O tema foi objeto de estudo da dissertação de mestrado apresentada na Faculdade de Odontologia de Piracicaba (FOP), com orientação do professor Antonio Carlos Pereira. A pesquisa contou com apoio financeiro da Fapesp e as informações para o desenvolvimento do trabalho são de domínio público, disponíveis nos sites da Companhia Ambiental do Estado de São Paulo (Cetesb), da Escola Superior de Agricultura “Luiz de Queiroz” (Esalq), além de dados cedidos pela Prefeitura Municipal de Piracicaba.
Telmo Bittar suspeita que a variação da qualidade do ar na cidade de Piracicaba pode estar associada ao uso indiscriminado do fogo nas lavouras de cana-de-açúcar. Isto porque, a partir da análise espacial disposta em um Sistema de Informação Geográfica (SIG) e com dados provenientes do Instituto Nacional de Pesquisa Espacial (Inpe) mapeados por sete satélites que captam focos de calor, foram identificados 255 pontos em Piracicaba no ano de 2007. Destes, 95% estavam localizados em área rural, em vegetação não-florestal.
“Quando começamos as análises de acordo com a latitude e longitude, conseguimos localizar exatamente o ponto onde o satélite mapeou o foco. Com a ajuda dos professores Carlos Alberto Vettorazzi e Silvio F. Ferraz, ambos da Esalq, e do técnico Jefferson Polizel, rastreamos esses focos pelo computador, e verificamos que a maioria estava localizada em plantações de cana-de-açúcar”, esclarece. O pesquisador também observou que a maioria desses focos foi registrada entre os meses de maio e outubro, coincidente com o período de colheita. “Eles ateiam fogo previamente à colheita como forma de facilitar o trabalho dos lavradores, sob a alegação que a ação espantaria animais peçonhentos”, explica.
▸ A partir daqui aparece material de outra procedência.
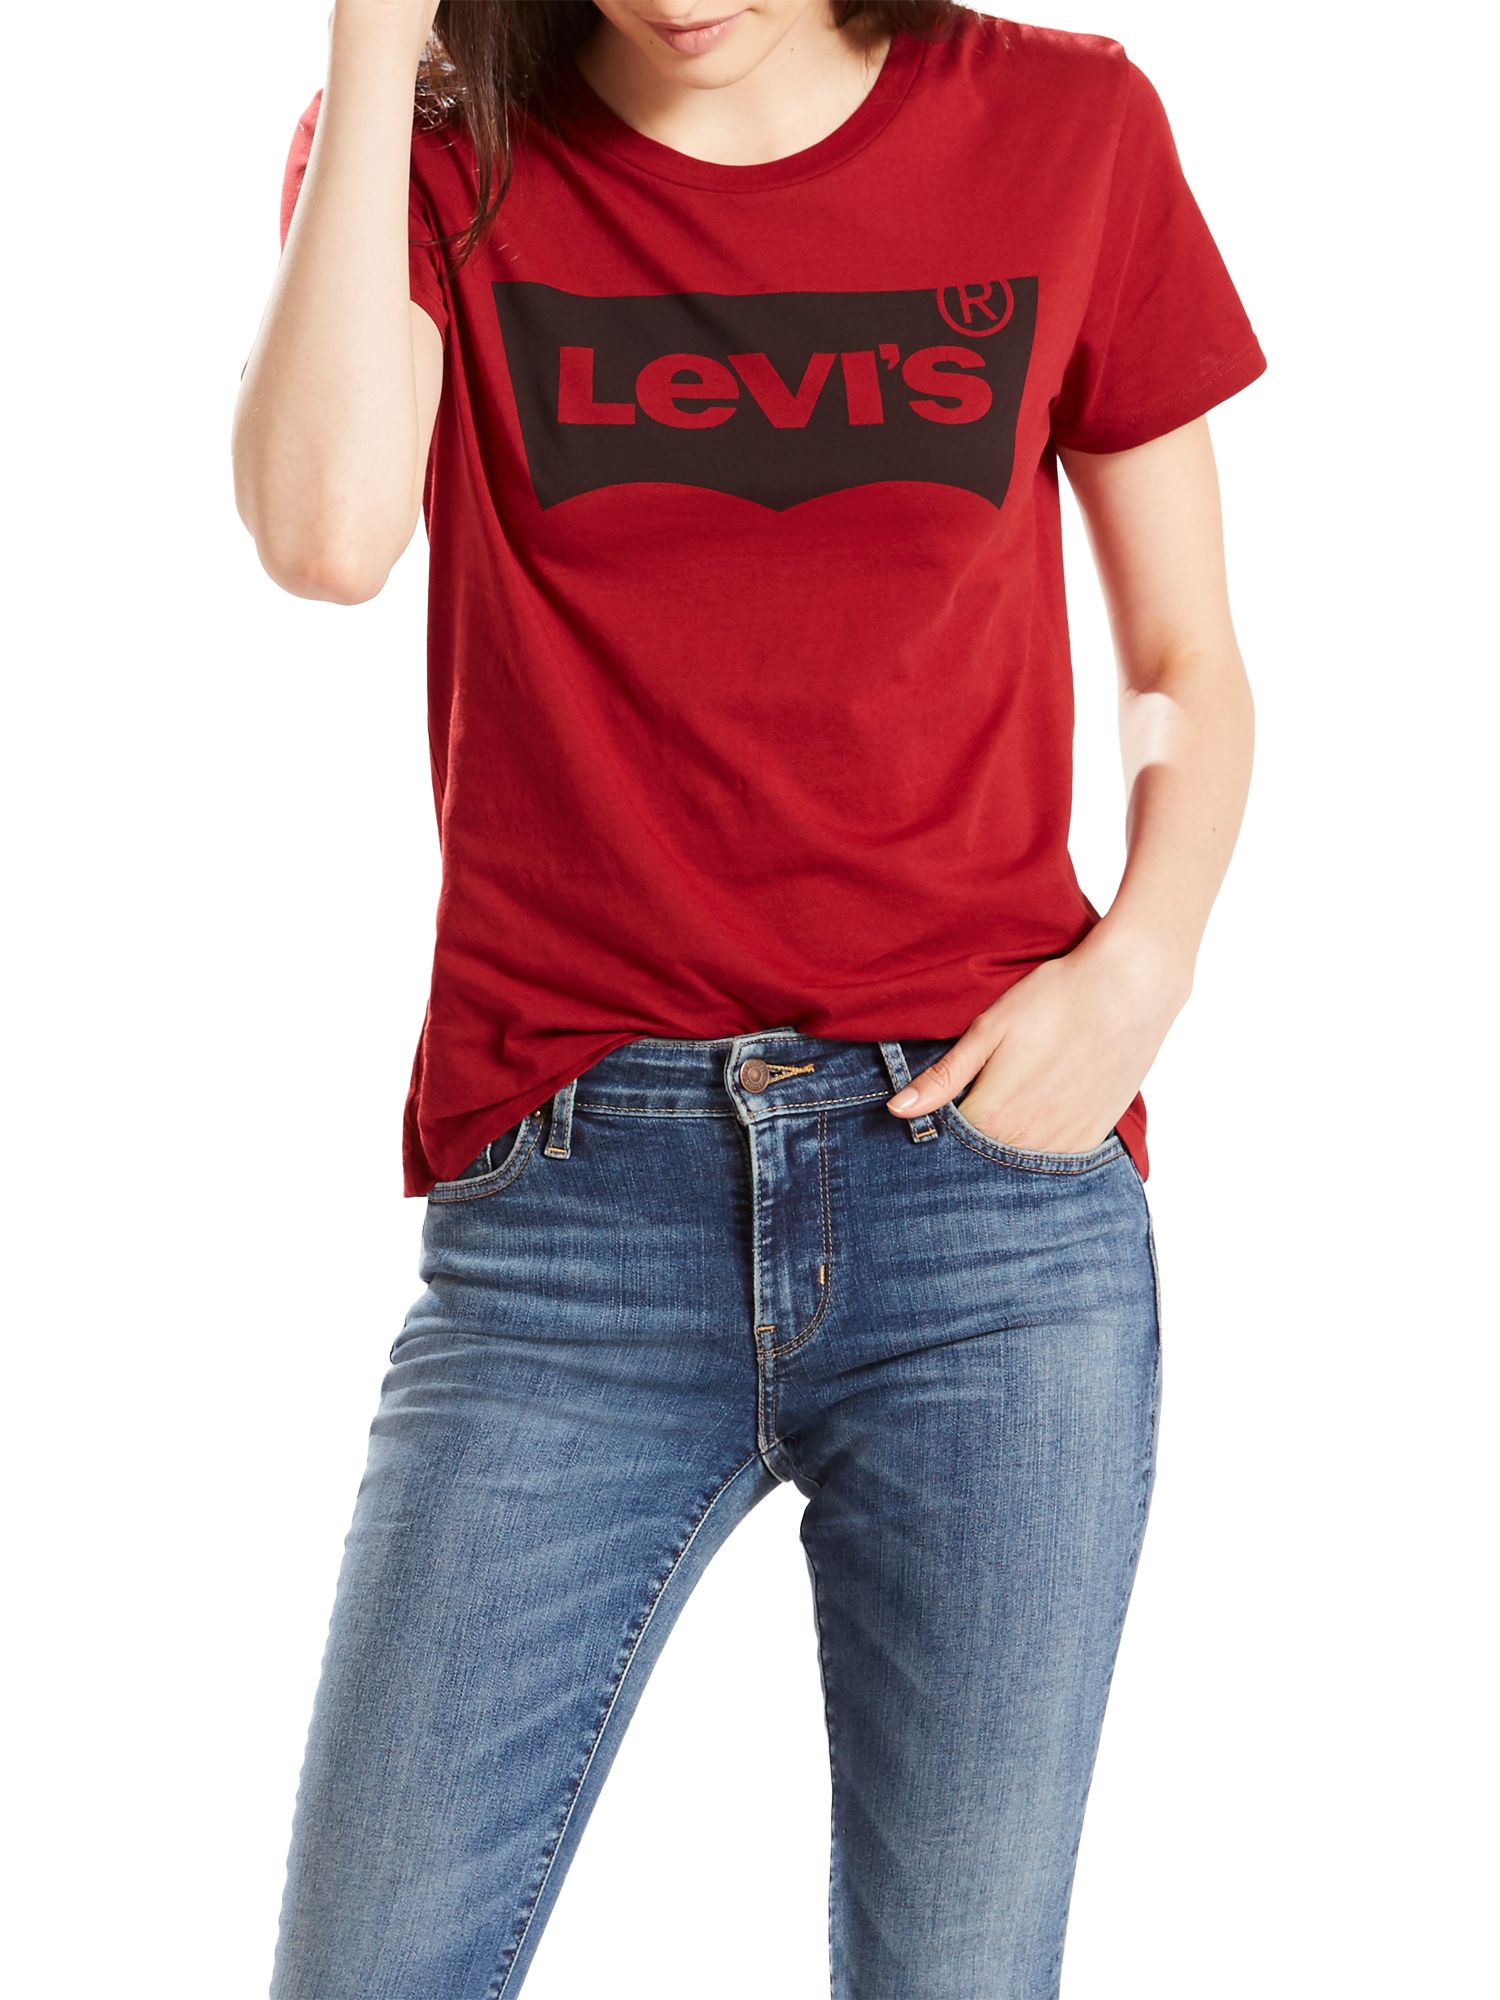 levis t shirt xxs
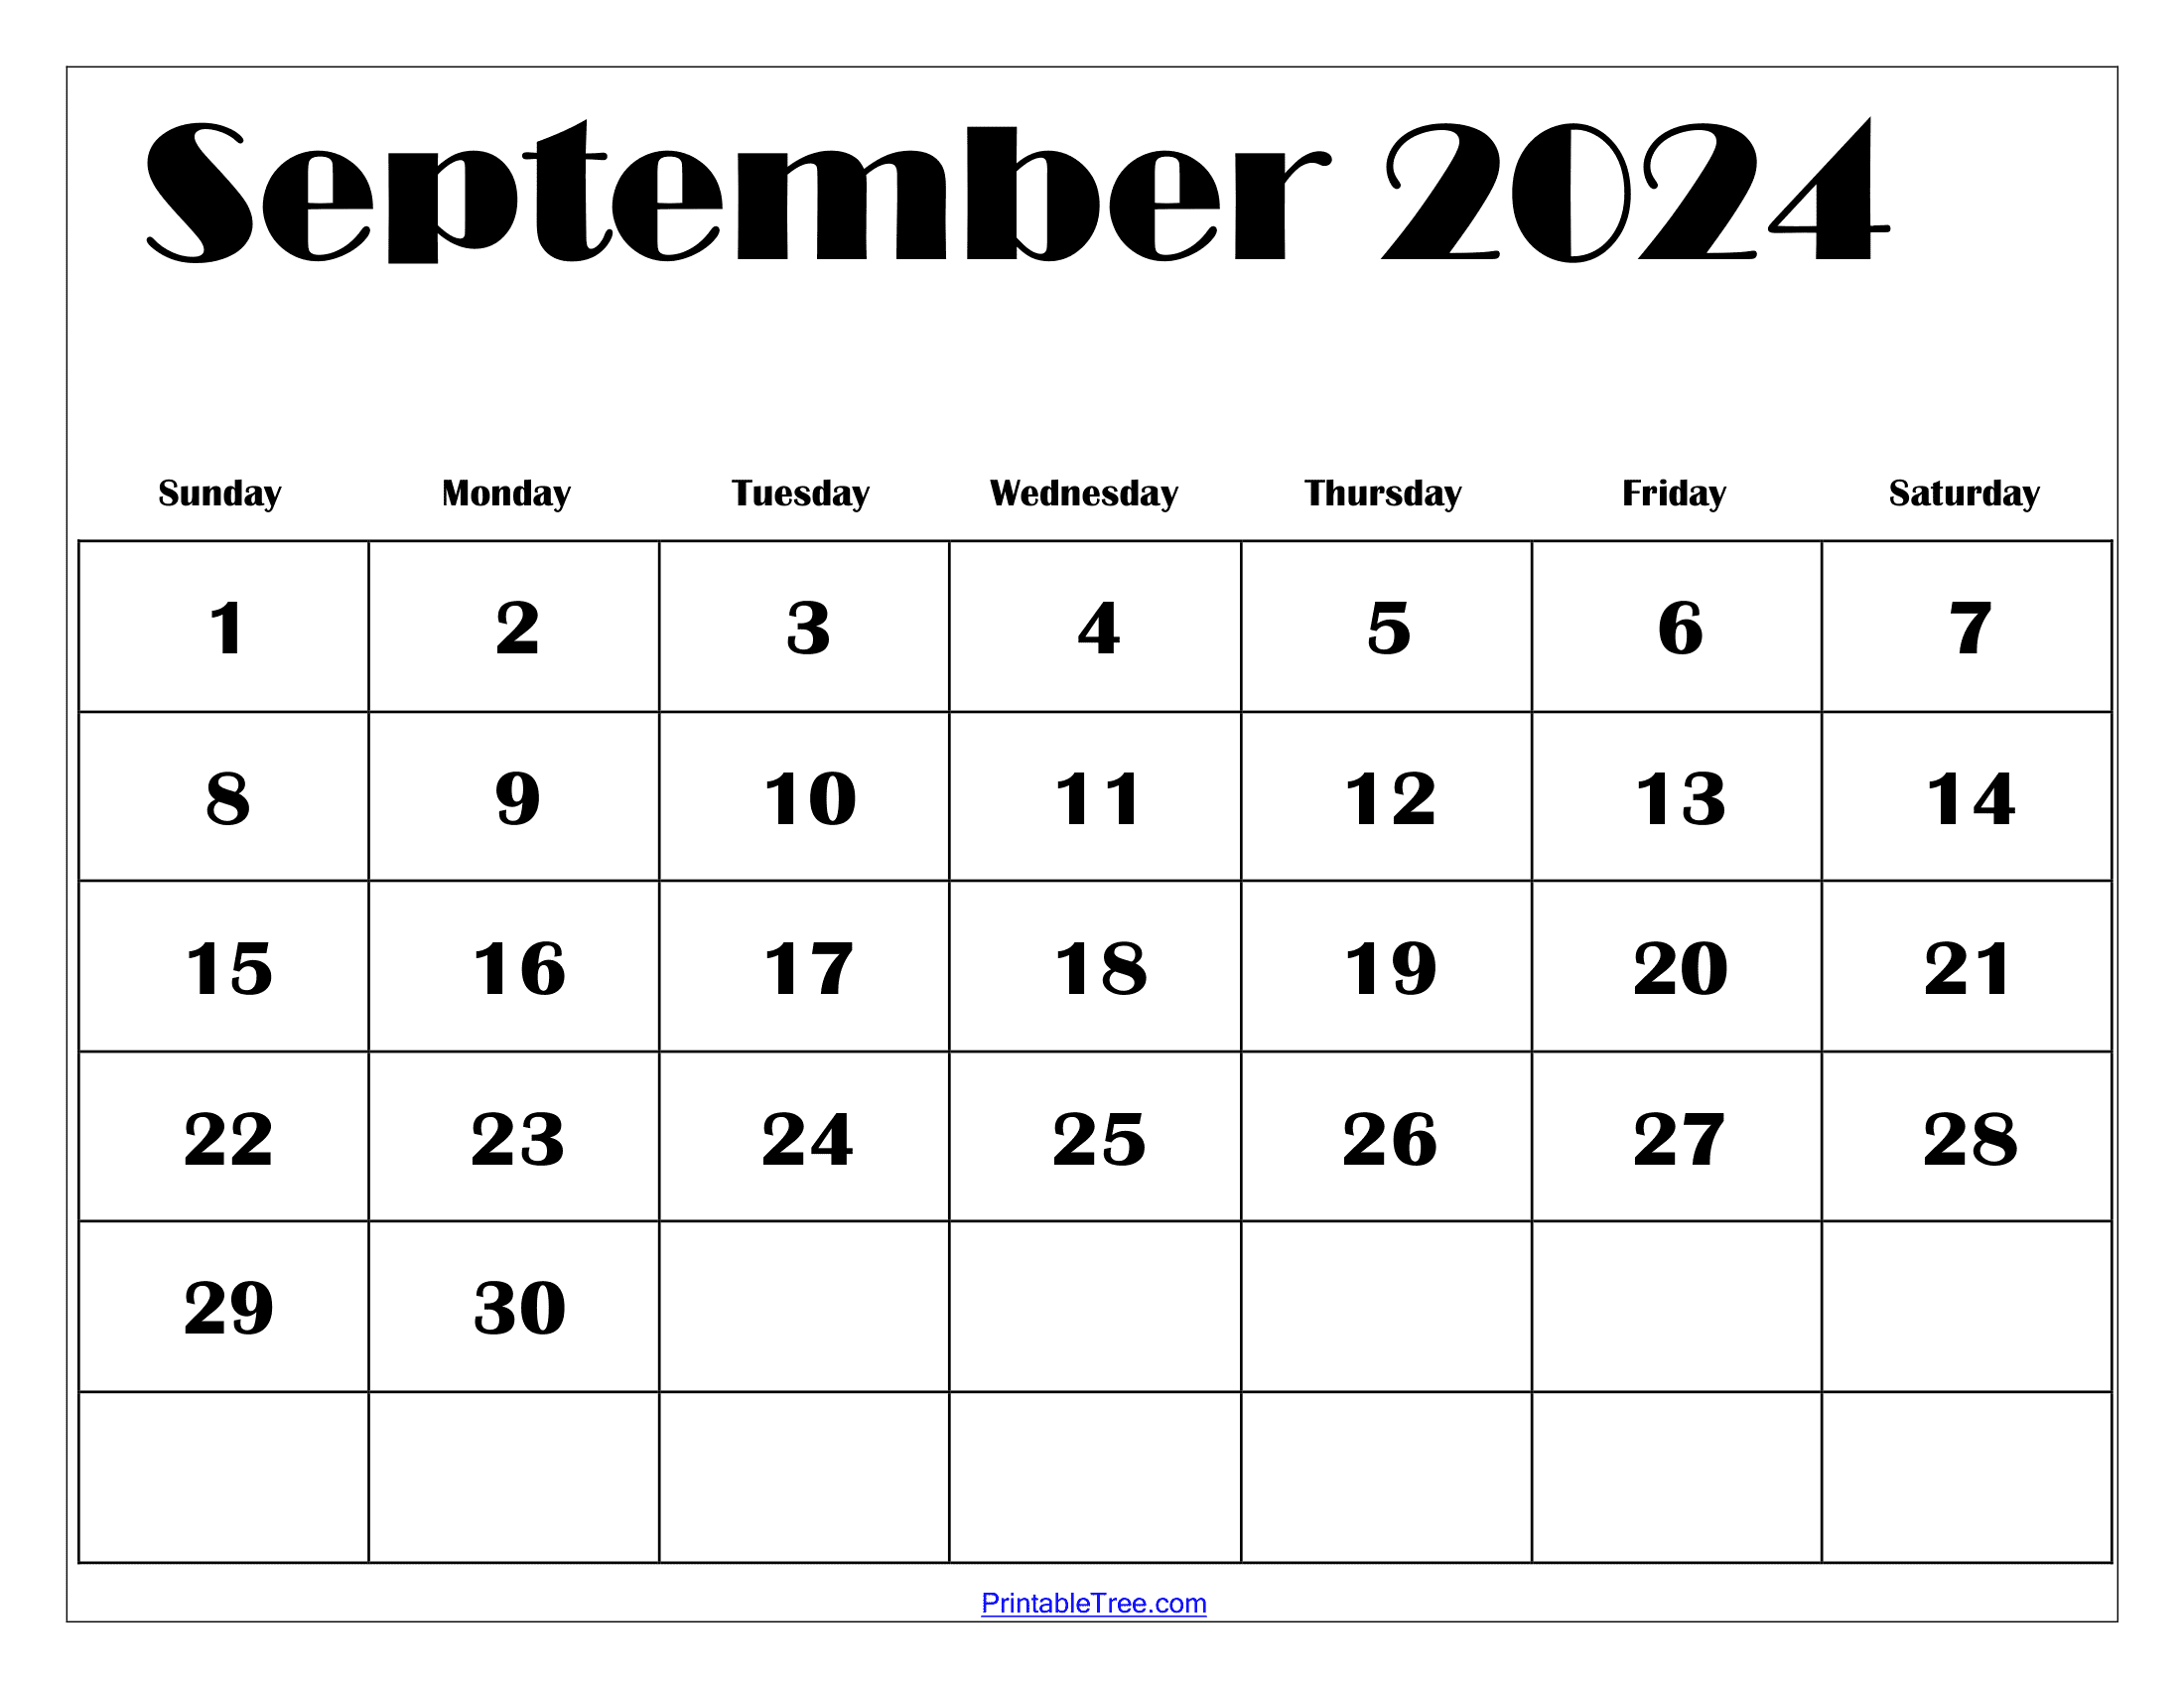 September 2024 Calendar Printable Pdf With Holidays for September 2024 Calendar Printable Free

Mesmo de posse dessas informações, Telmo Bittar não pode garantir que a qualidade do ar está sendo prejudicada exclusivamente pelas queimadas realizadas no município. Seria necessário, explica Bittar, que fossem estudadas a direção e a velocidade predominantes dos ventos. Os estudos não devem levar em conta apenas os focos do município de Piracicaba, mas também de cidades vizinhas como Charqueada, Saltinho, Tiete e São Pedro. Ademais, devem ser investigadas a direção e a velocidade predominantes dos ventos, além da necessidade de ser realizado o mapeamento geográfico das estações de monitoramento da qualidade do ar. Bittar pondera, entretanto, que a variação do poluente, em razão dos meses do ano, mostra claramente que há interferência marcante no período de colheita da cana-de-açúcar.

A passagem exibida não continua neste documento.